Fulminant infections require aggressive treatment, typically in a hospital. The vancomycin dose is quadrupled compared to a standard case, and if the gut has stopped moving properly, the drug may also be delivered rectally to reach the colon directly. An IV antibiotic is added alongside to ensure the medication gets into the system even when the gut can’t absorb it normally. Surgery, including removal of most of the colon, becomes necessary in some fulminant cases when the infection doesn’t respond to medical treatment or when there’s a risk of the colon perforating.
Diet and Gut Recovery
What you eat during and after a C. diff infection matters more than most people realize. Research in animal models consistently shows that high-fiber diets lead to less severe disease and faster recovery, while low-fiber diets worsen outcomes. The reason ties back to your microbiome: fiber feeds the beneficial bacteria that compete with C. diff for space in your gut.
Not all fiber is equally helpful, though.

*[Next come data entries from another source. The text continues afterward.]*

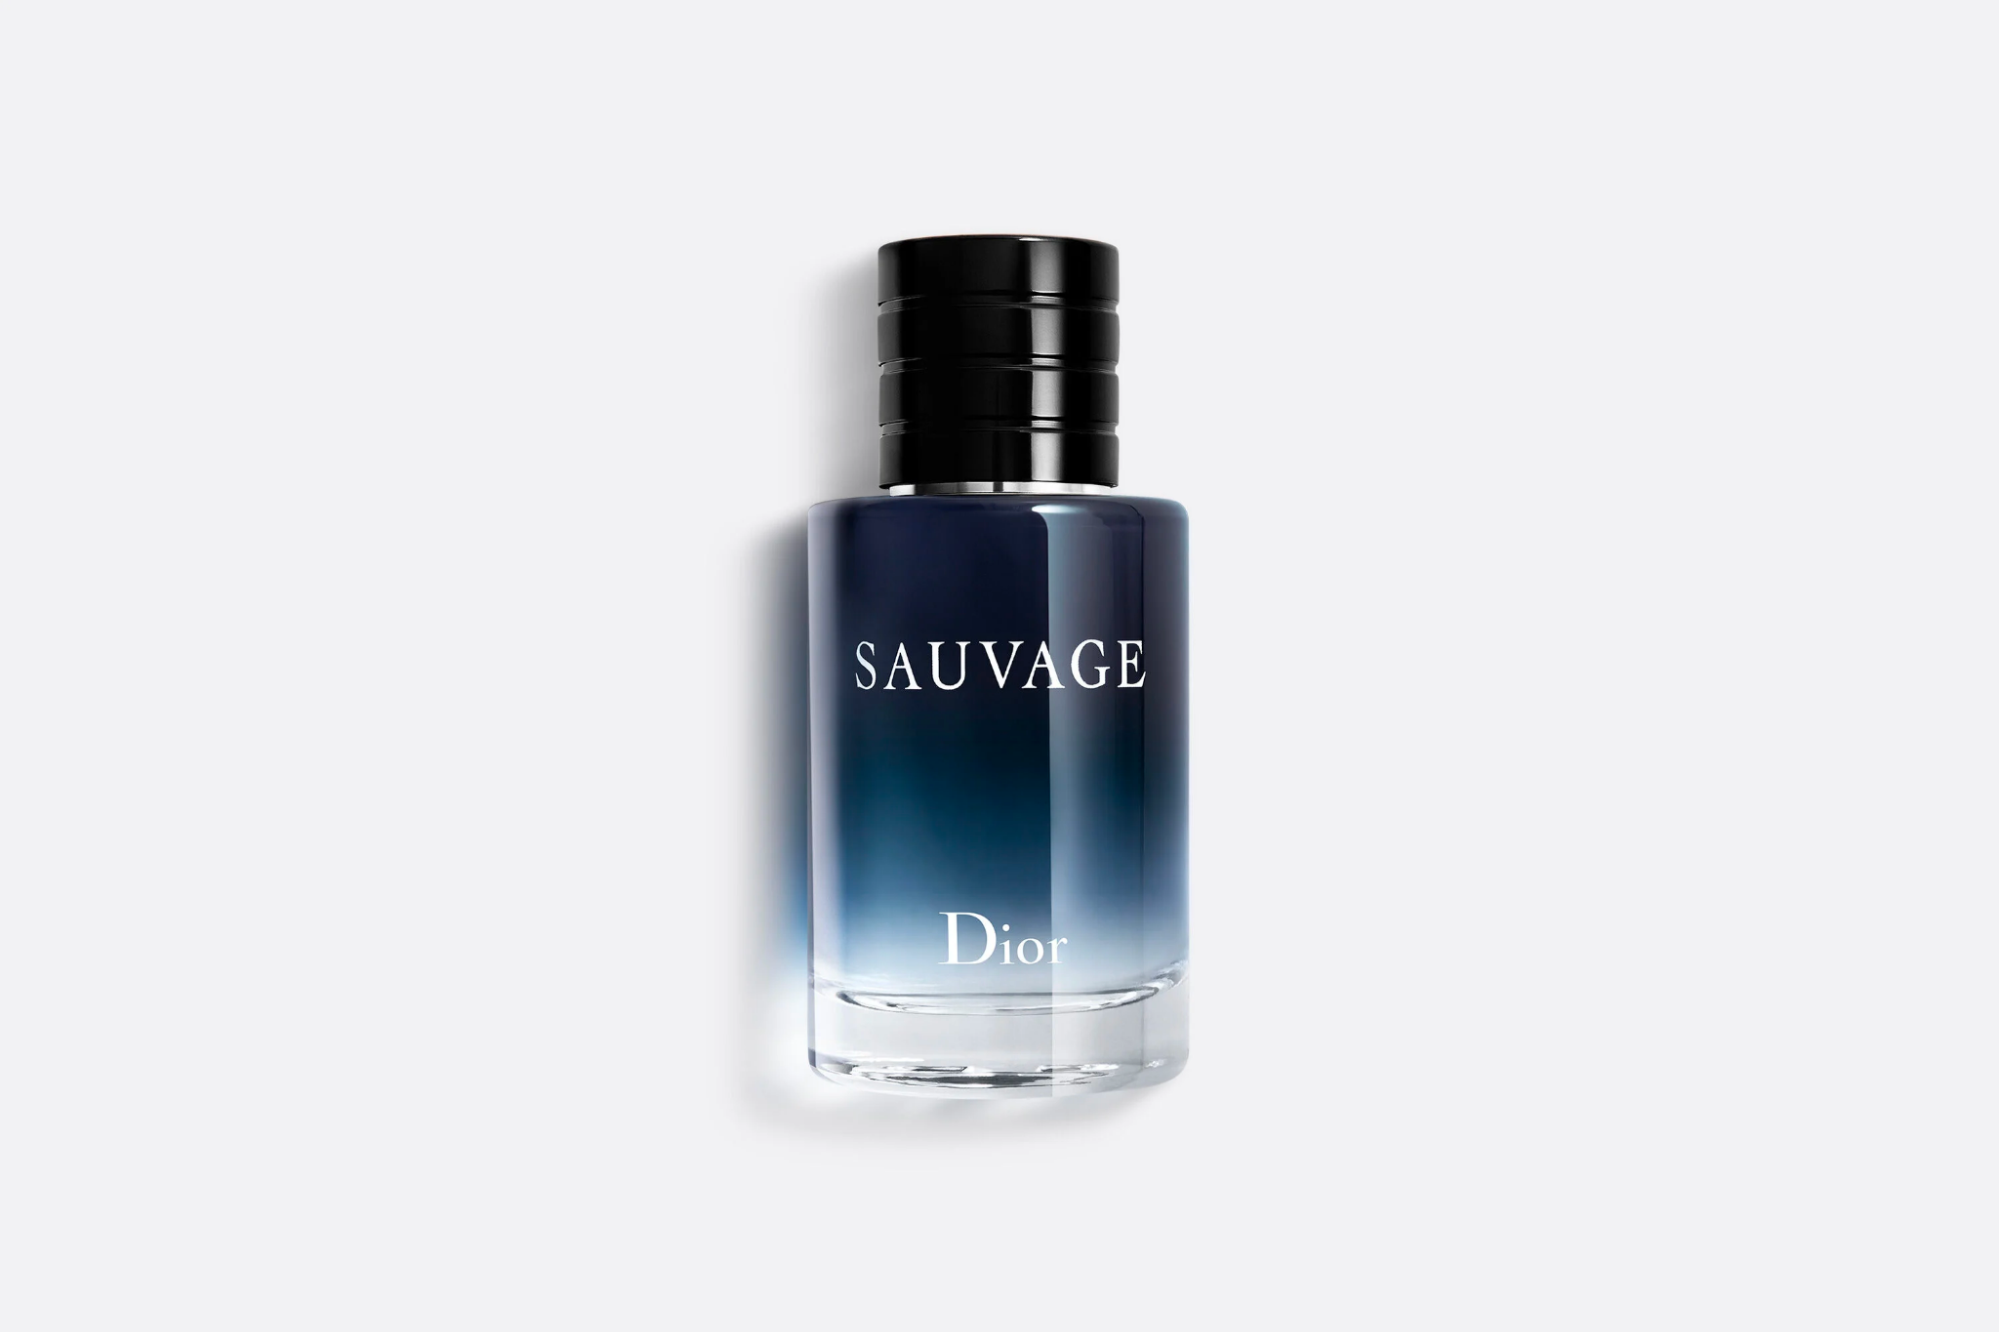 Men's Cologne,refreshing And Long Lasting Perfume For Dating And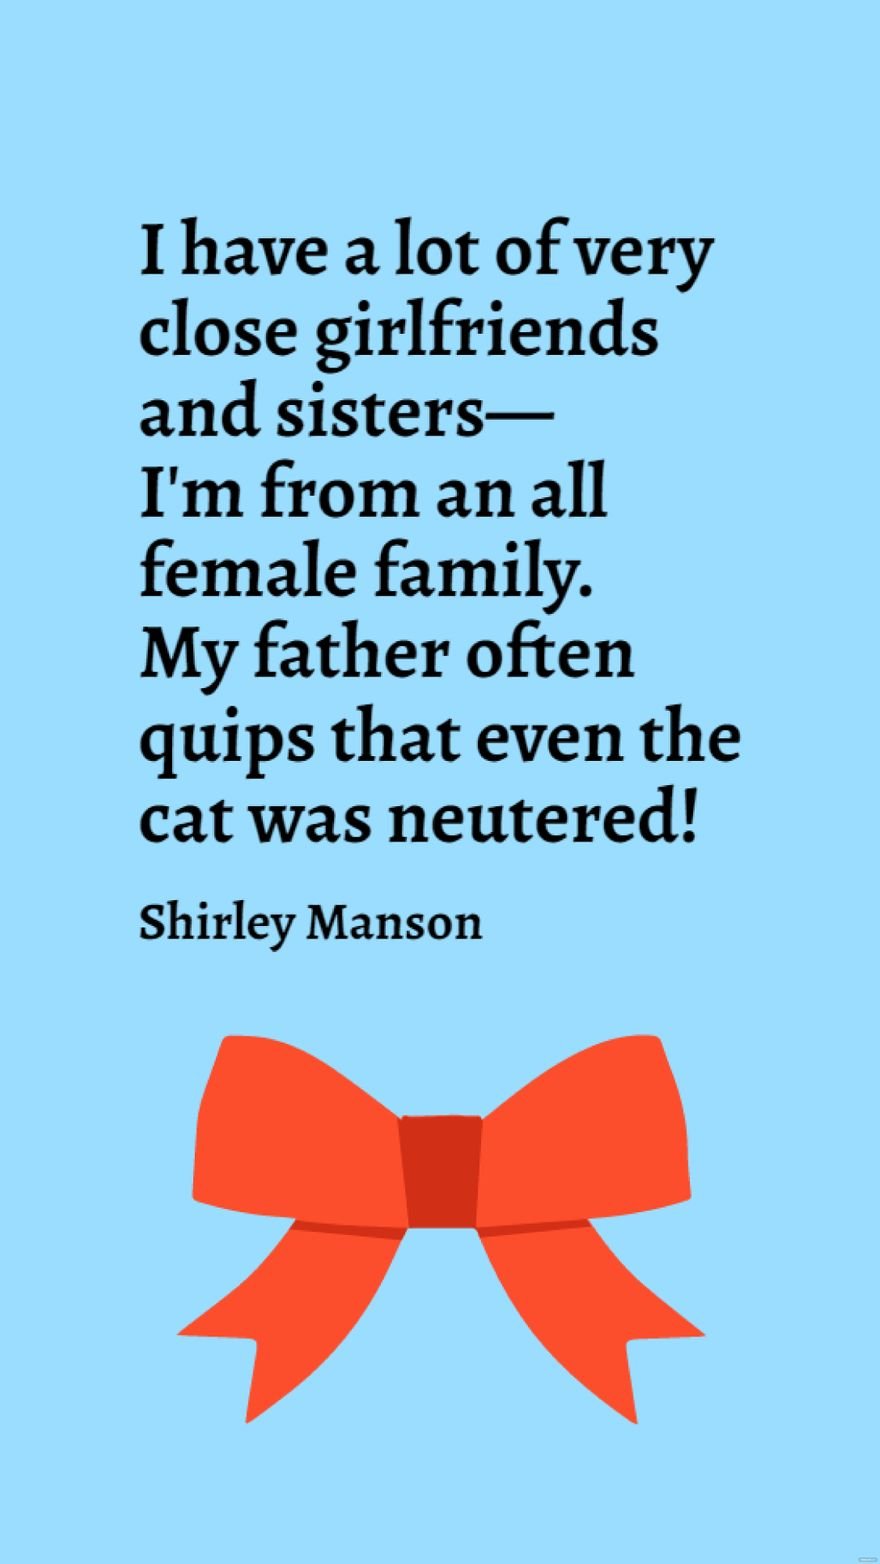 Shirley Manson - I have a lot of very close girlfriends and sisters - I'm from an all female family. My father often quips that even the cat was neutered!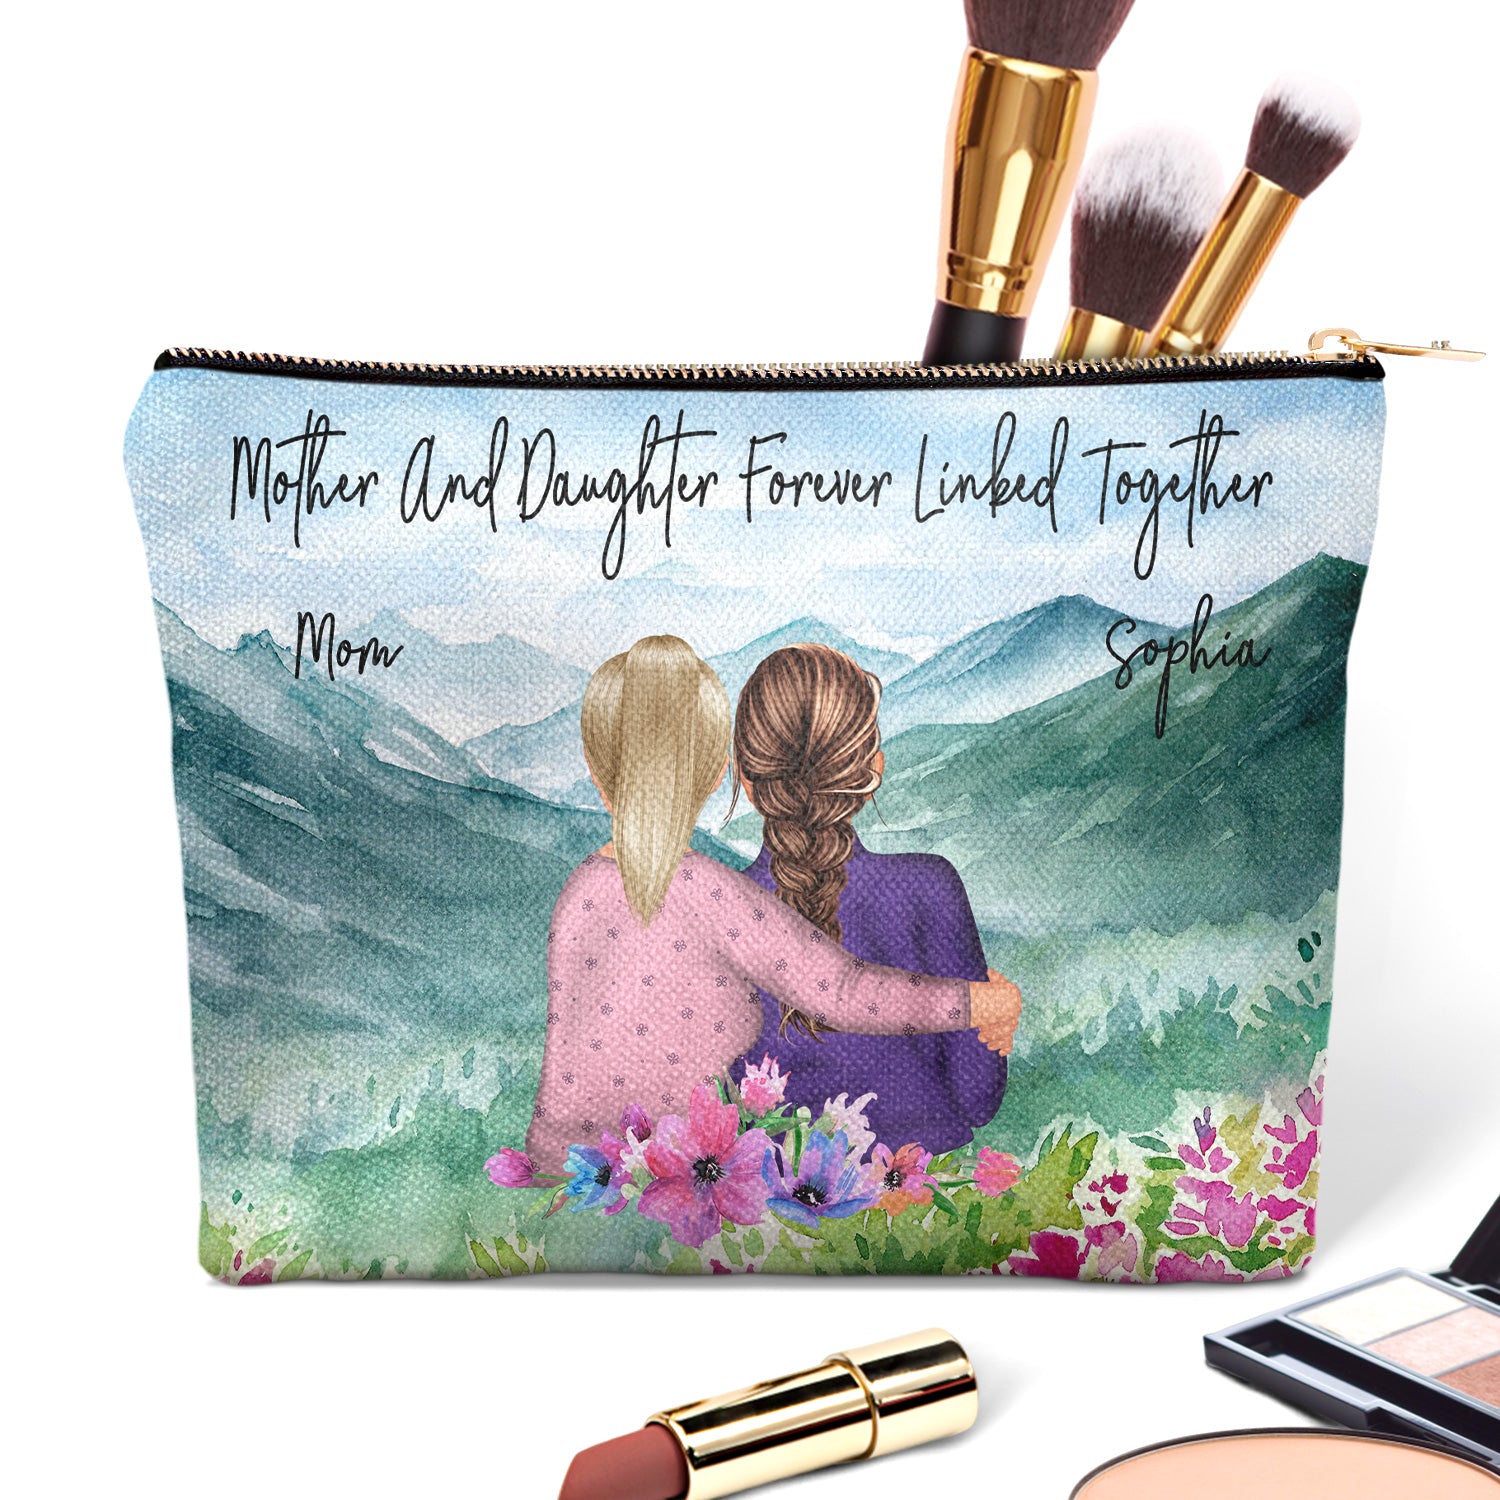 Mother & Daughter Forever Linked Together Watercolor Style - Gift For Mom, Grandma, Grandmother, Granddaughter - Personalized Cosmetic Bag

Soluble, fermentable fibers appear to offer the most protection. Pectin (found in apples, citrus fruits, and berries) increased microbiome diversity and reduced inflammation markers in one study. Inulin, found in garlic, onions, and bananas, helped mice clear C. diff more efficiently. Fructooligosaccharides, present in many of the same foods, improved survival in another model. These are all types of “microbiota-accessible carbohydrates,” meaning your gut bacteria can actually break them down and use them for fuel.
During the acute phase of infection, when diarrhea is at its worst, you may need to start with gentler foods and gradually increase fiber as your symptoms improve. Staying hydrated is critical since the volume of diarrhea C. diff causes can lead to dehydration quickly. Plain water, broths, and oral rehydration solutions all help. Avoid sugary drinks and alcohol, which can irritate an already inflamed gut.
Preventing Spread and Reinfection
C. diff spreads through spores, and these spores are remarkably tough. Alcohol-based hand sanitizers do nothing against them. Alcohol kills bacteria in their active form but cannot destroy spores, which have a protective outer shell. Washing your hands with soap and water is the only reliable way to physically remove C. diff spores from your skin.
For cleaning surfaces at home, especially bathroom surfaces, you need a bleach solution. A 1:10 dilution of standard household bleach (which contains about 5 to 6% sodium hypochlorite) produces roughly 5,000 parts per million of chlorine, the concentration shown to kill C. diff spores within 10 minutes. Spray or wipe the surface and let it stay wet for at least that long before wiping it dry. Regular household cleaners without bleach won’t reliably eliminate the spores.
C. diff spores can survive on surfaces for months, so consistent cleaning matters, particularly if someone in the household is actively infected or recently recovered. Dedicate a bathroom to the infected person if possible, wash clothing and bedding in hot water, and keep bleach-based cleaning on a daily schedule until well after symptoms have resolved.